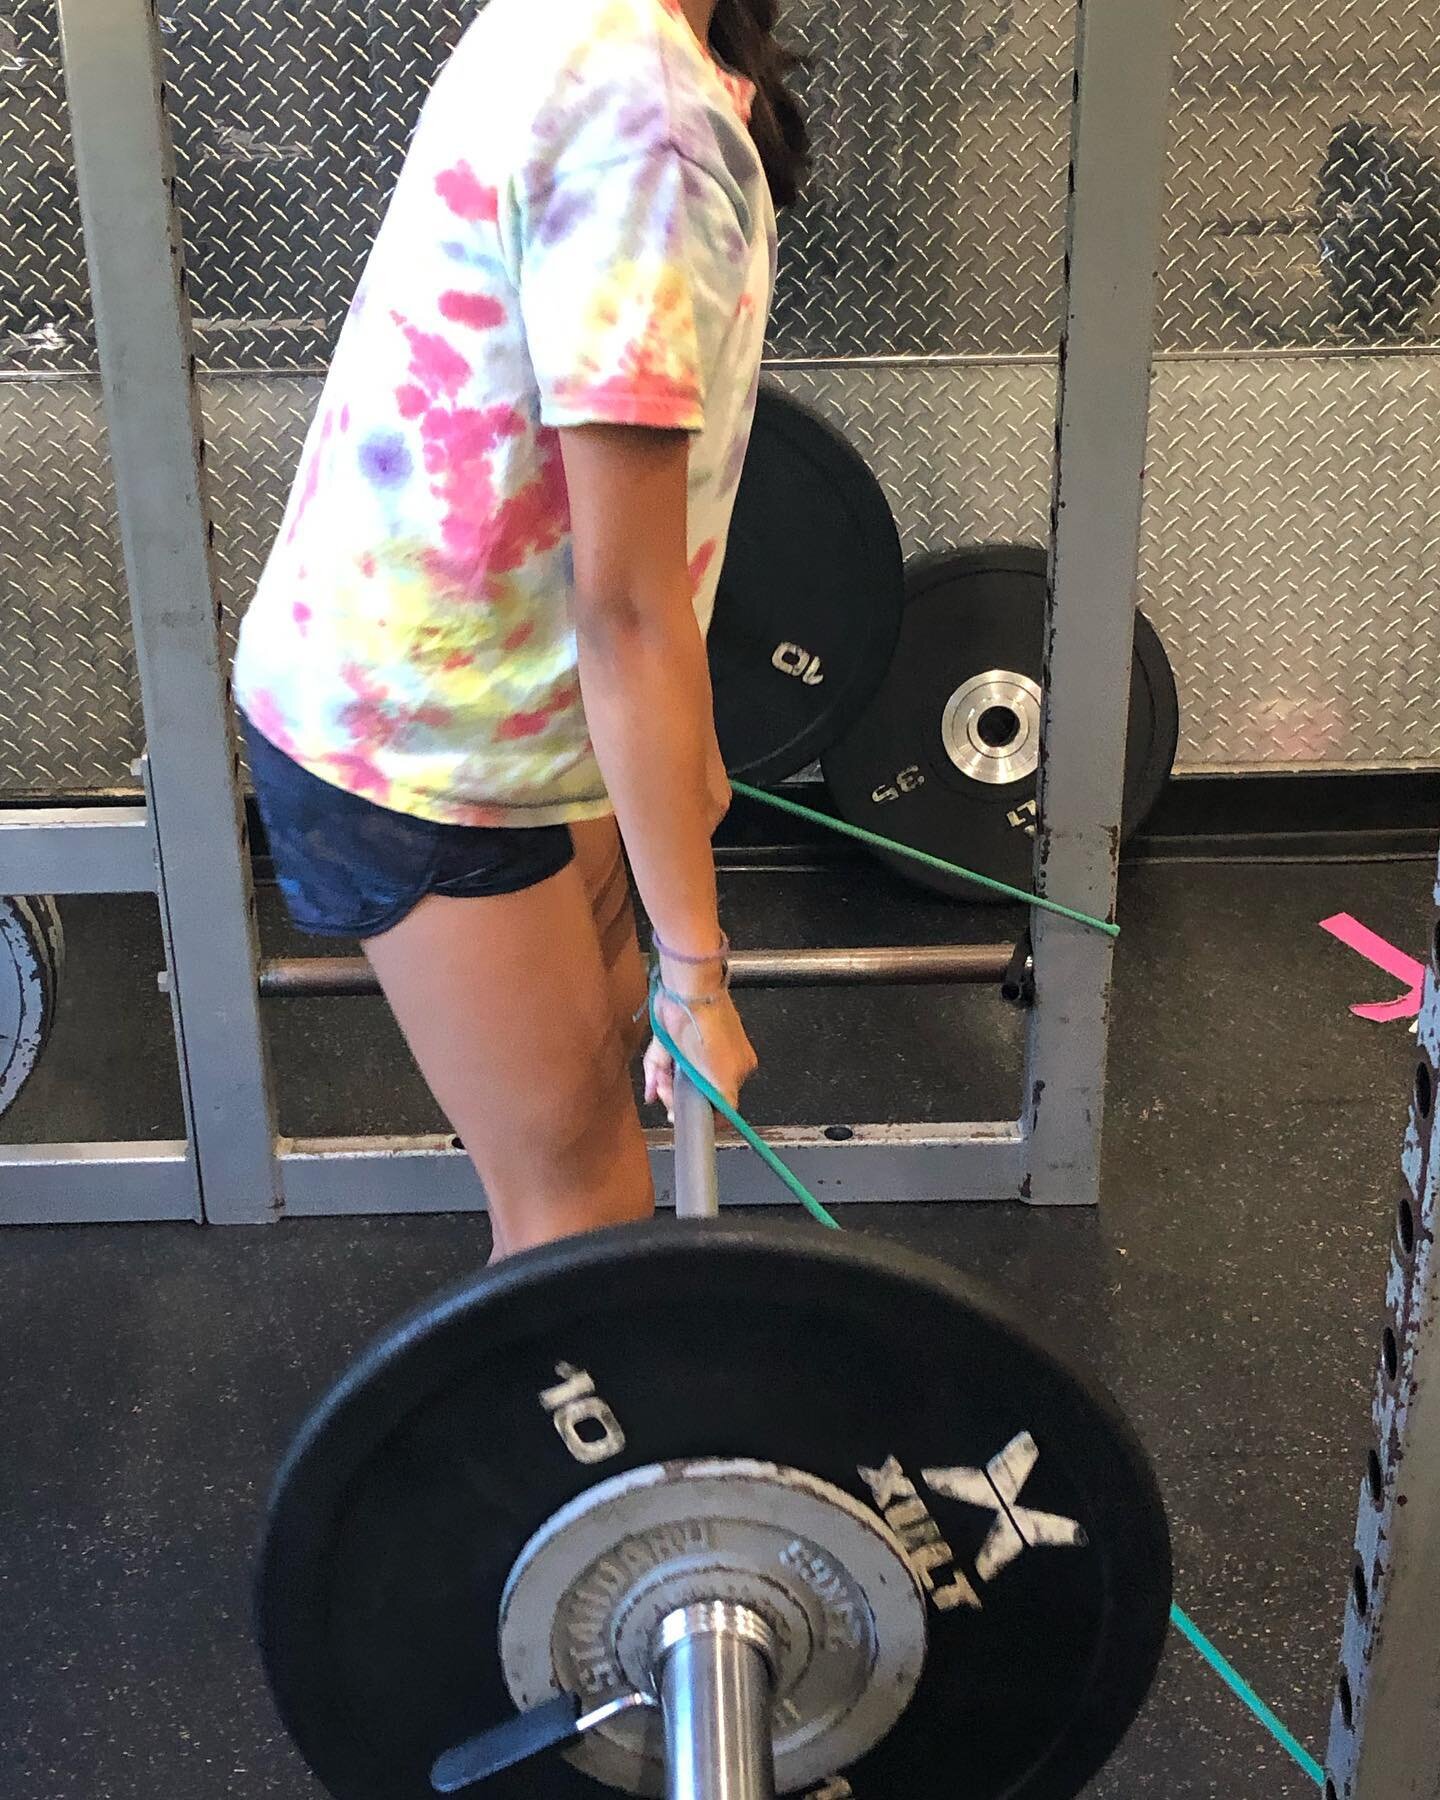 Improving&hellip;

There are frequently times in our lives when things are not going the way we want and we have to figure out how to get what we want.

2 quick examples:
1. My daughter wants help with her running form.  In my opinion, the deadlift i

*TASK PROMPT*:
Would you please copy the material exactly, leaving all the pictures out?

*ANSWER BELOW*:
 Improving&hellip;

There are frequently times in our lives when things are not going the way we want and we have to figure out how to get what we want.

2 quick examples:
1. My daughter wants help with her running form.  In my opinion, the deadlift i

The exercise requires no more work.